Arrivés dans le centre-ville, arrêtez-vous devant le Grand Théâtre, inauguré en 1780 : sur son toit, au milieu des muses Vénus et Calliope, un homme dressé – c’est toujours Antony Gormley – nous invite à pénétrer dans le hall de l’actuel opéra. Profitez-en pour réserver vos places pour l’Orchestre à Grande Vitesse du 23 septembre, un concert amusant qui fait dialoguer les références autour de l’idée de déplacement (Harry Potter, Duke Ellington et Wagner s’y trouvent réunis !) – clin d’œil musical à un nouvel exploit : le TGV Bordeaux-Paris.
Après avoir déjeuné au Quatrième Mur, restaurant de Philippe Etchebest situé en face du Grand Théâtre (formule à prix léger, plafonds très hauts et plats façon brasserie soignée), direction le CAPC (musée d’art contemporain), où l’artiste représentant du land art Richard Long a laissé un message d’amour à la ville et à sa lumière. Arrivés au musée, filez donc au dernier étage pour découvrir les œuvres pérennes qu’il a disposées de façon symétrique sur les ailes de la terrasse : deux longues bandes de pierres de calcaire blanc (de la carrière Malville en Dordogne) et d’ardoise sombre (de Cornouailles) répondent au ciel. Sublime.
Richard Long, Cornwall Slate Line (Ligne d’ardoise de Cornouailles), 1981
Ardoise • 10 × 163 × 860 cm • Coll.
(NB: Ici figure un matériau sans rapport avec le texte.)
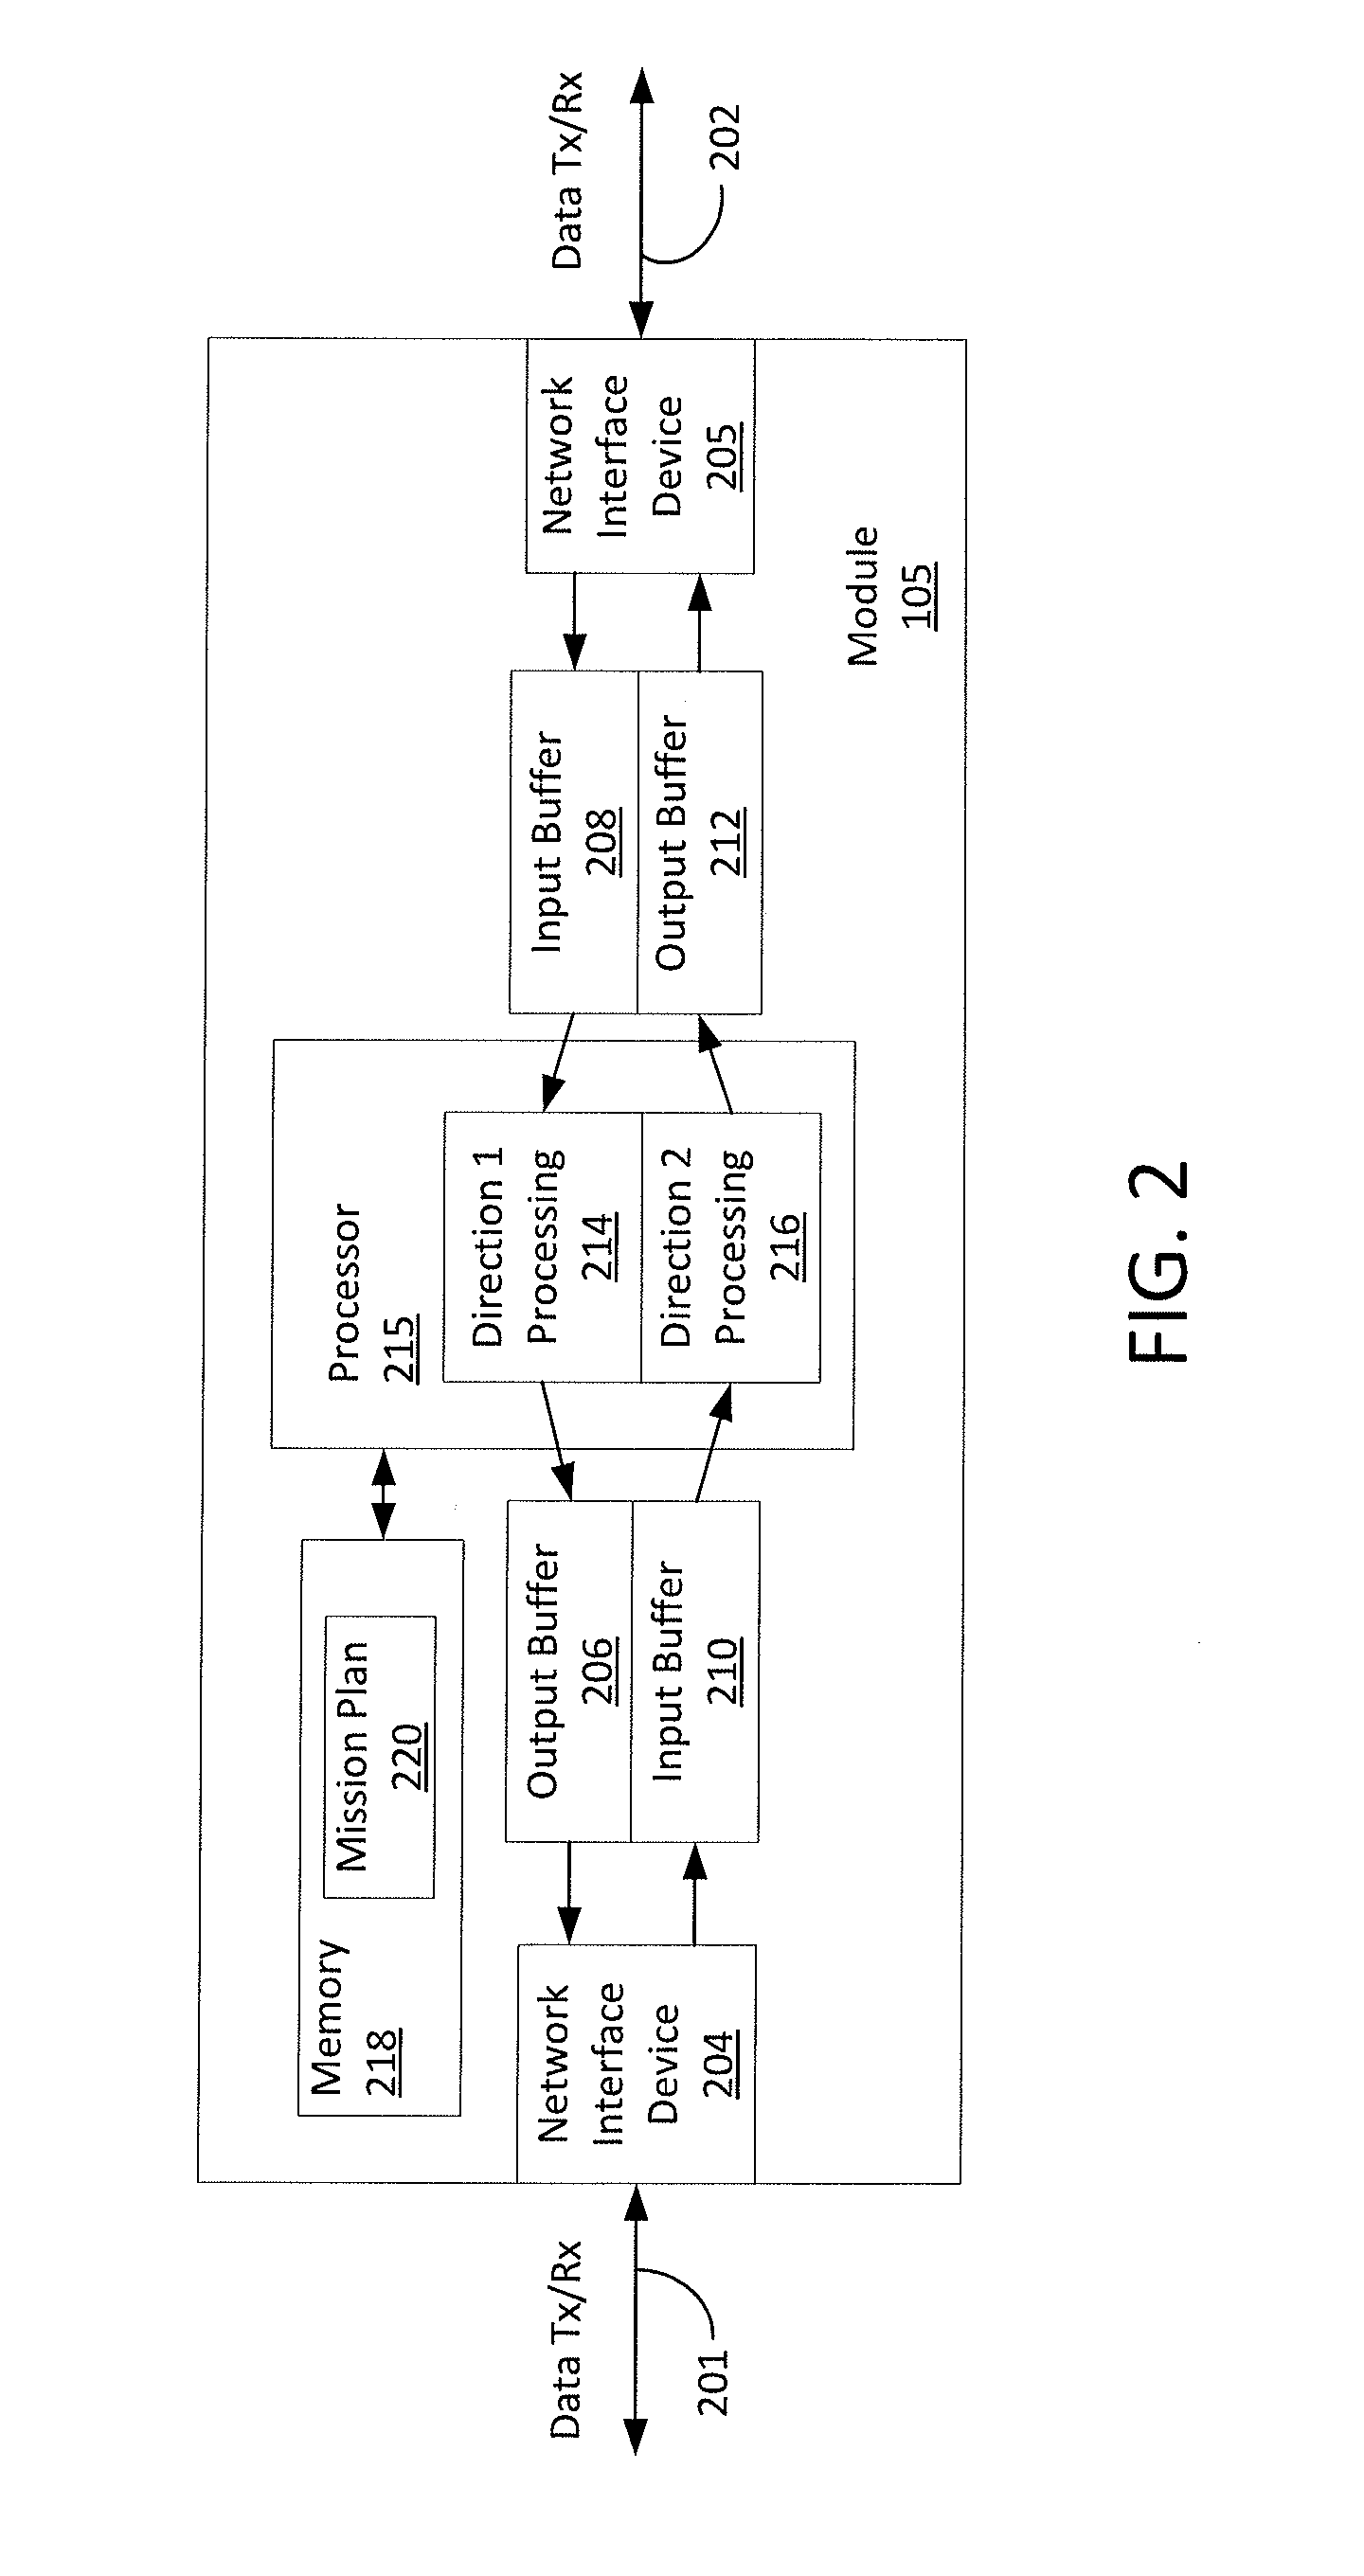 Firewalls for filtering communications in a dynamic computer network

CAPC musée d’art contemporain de Bordeaux / © Adagp, Paris / Photo Frédéric Delpech
Redescendus dans les étages, préparez-vous à un long après-midi de visite dans cet ancien entrepôt qui abrite aujourd’hui le CAPC et le centre d’architecture Arc en rêve. Le premier accueille régulièrement dans sa nef de monumentales installations. Après les étendues de miroirs de Daniel Buren en 1991 et l’invasion de pneus d’Allan Kaprow en 2013, place à Naufus Ramírez-Figueroa et ses figures étranges, humaines et végétales, qui convoquent un propos politique douloureux autour de l’histoire du Guatemala. On s’y balade comme dans un musée de curiosités… Avant de se concentrer sur l’exposition « La question de la matière », qui interroge les rapports entre art et géologie. Finissez chez Arc en rêve, où la relation du skate avec l’architecture est explorée avec jubilation : un final sportif pour vous donner faim !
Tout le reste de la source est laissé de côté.